The code provided is split into the follwing sections:
Importing data and setting up GPU
Computing sentence embeddings using the 'FLAIR' library: pre-processing the data and getting the training and validation sets
Computing embeddings using the pre-trained BERT: pre-processing the data and getting the training and validation sets
Pytorch Neural Network Regressor
Other Regressors that we experimented with
Writing results into a .txt file
Our code uses the follwing libraries:
- IO module - provided Python interfaces for stream handling
- Torch - a library for creating neural networks and data handling
- Flair - a library for computing sentence embeddings
- Scipy - a stats based library for data evaluation
- nltk - a library specialising in natural language processing
- spacy - a library for data handling
- transformers - a library such that we can import BERT modules
- SKLearn - a library to train regressors and neural networks
- Keras - a library specilalising in building neural networks
All of the above libraries need to be installed in order to run our .ipynb file.
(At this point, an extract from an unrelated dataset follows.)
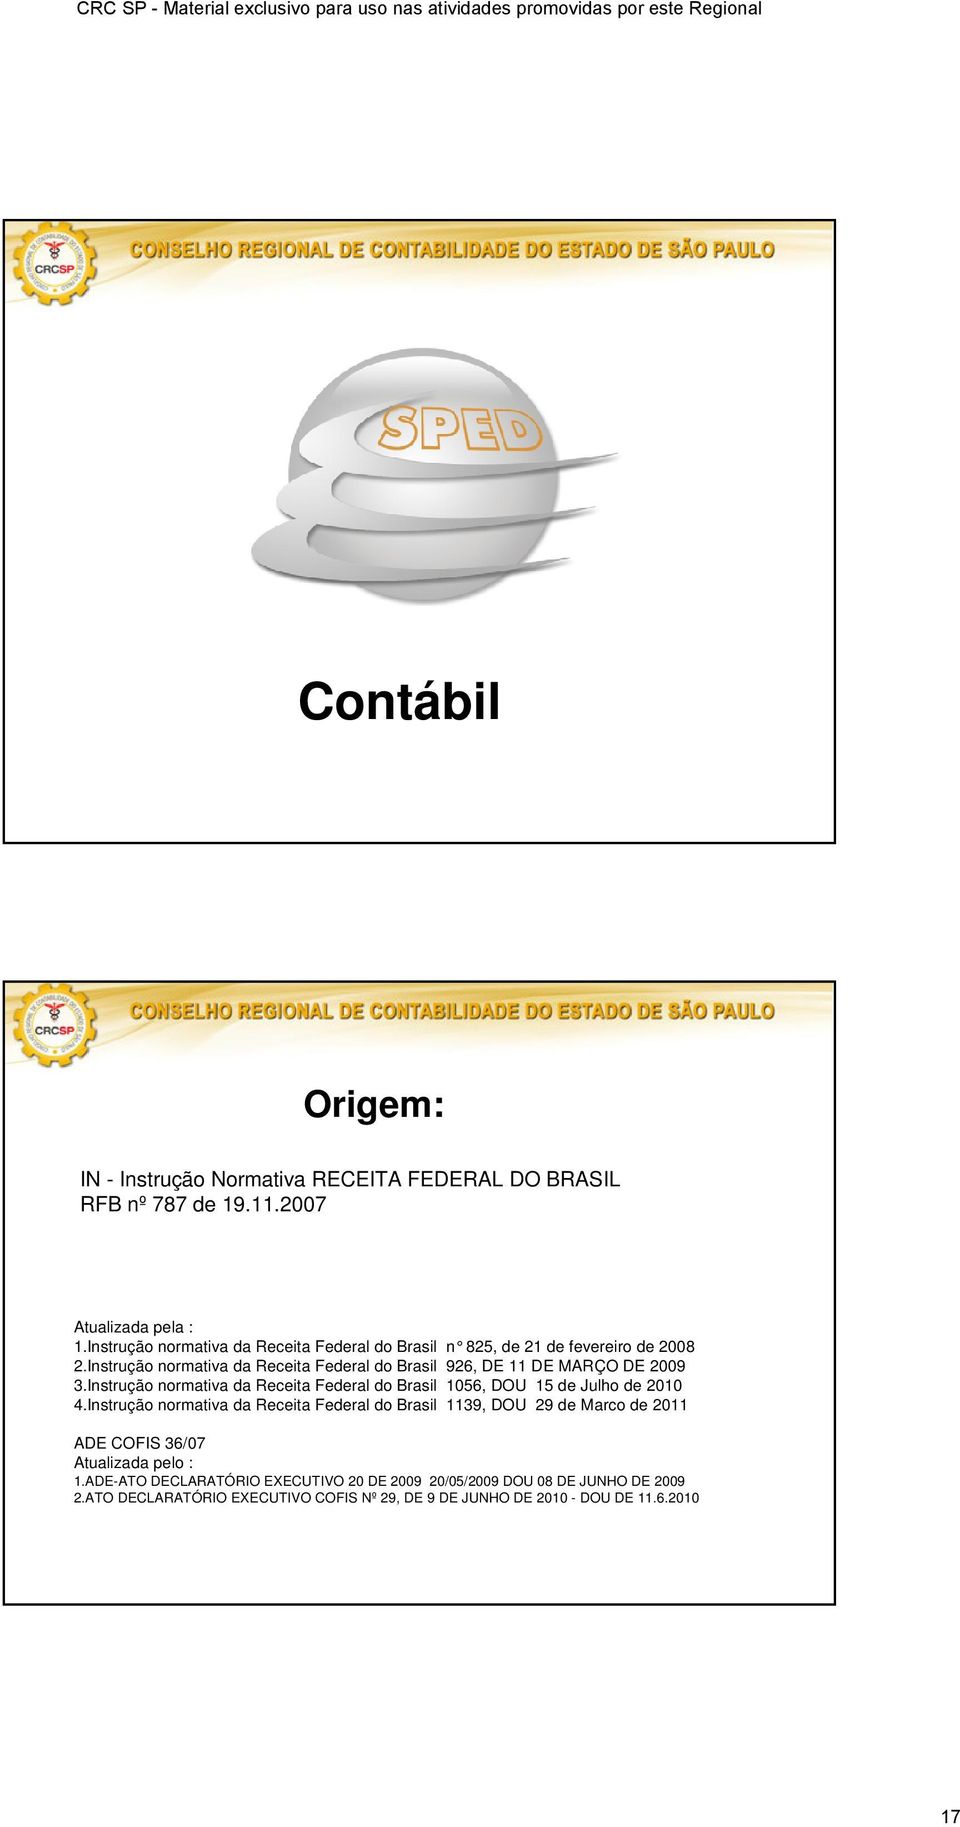 Instrução normativa da Receita Federal do Brasil 926, DE 11 DE MARÇO DE 2009 3.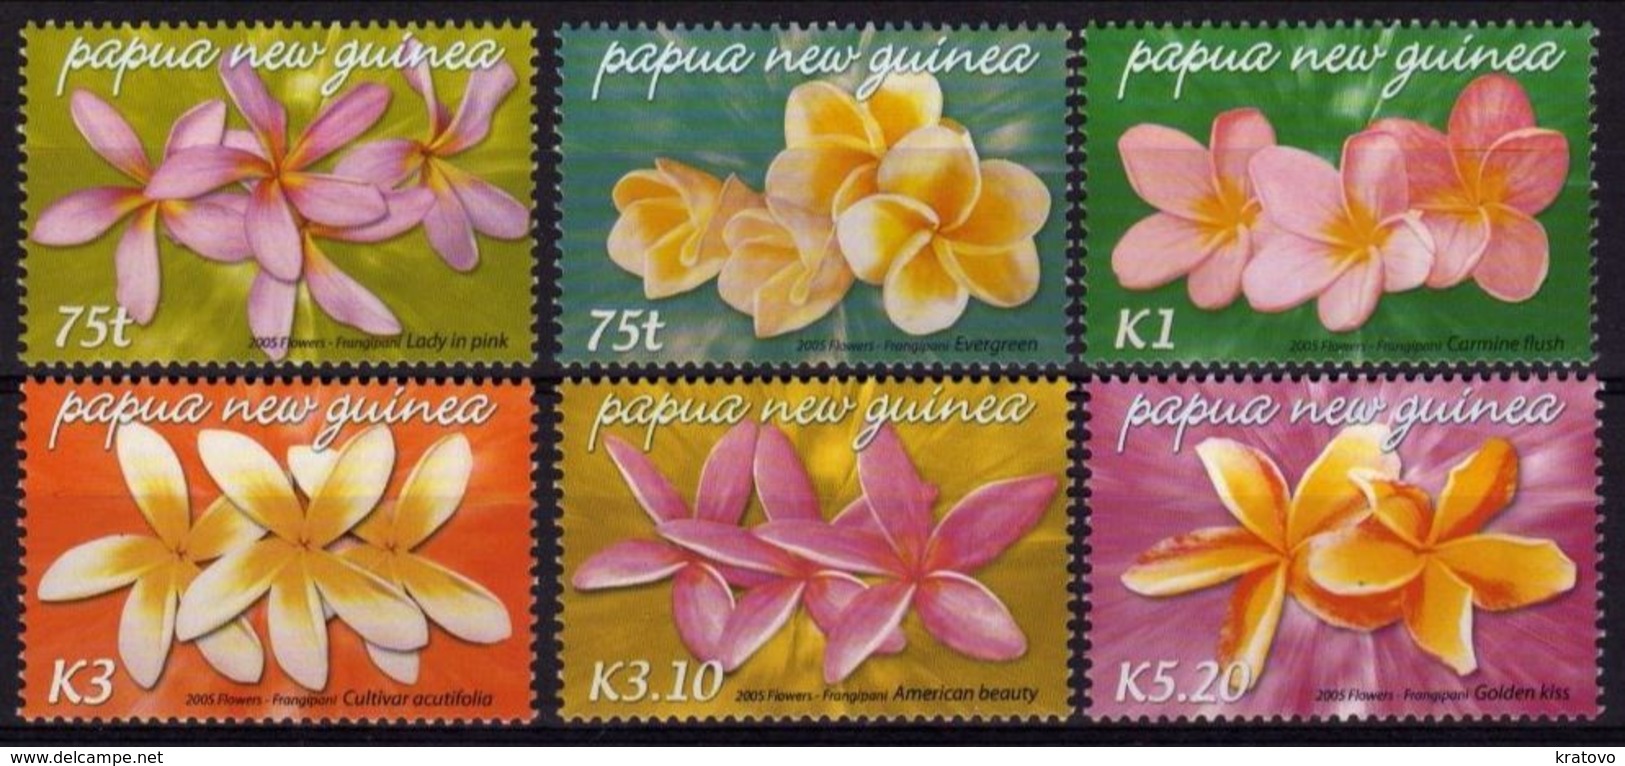 PAPUA NEW GUINEA 2005 Mi # 1123 - 1128 FLORA FLOWERS MNH - Papouasie-Nouvelle-Guinée

We have included all of the install commands in the file, therefore if you run each cell one after another each library will be installed.
The code is in a .ipynb file, which is in jupyter-notebook form. The code is split into sections that are meant to be run in chronological order. If one does not run the code in the correct order then necessary packages/libraries will not be installed/imported and the code will not run. I have split how to run the code into the follwing steps:
- The first step is to download the required data that will be using, which inclued the English German sentences, as well as the associated translation scores.
- Next there is the data manipulation using NLP techniques and the BERT and FLAIR libraries. This section uses techniques to make the data easier to manipulate with our regressors, which will help us to evaluate the translations.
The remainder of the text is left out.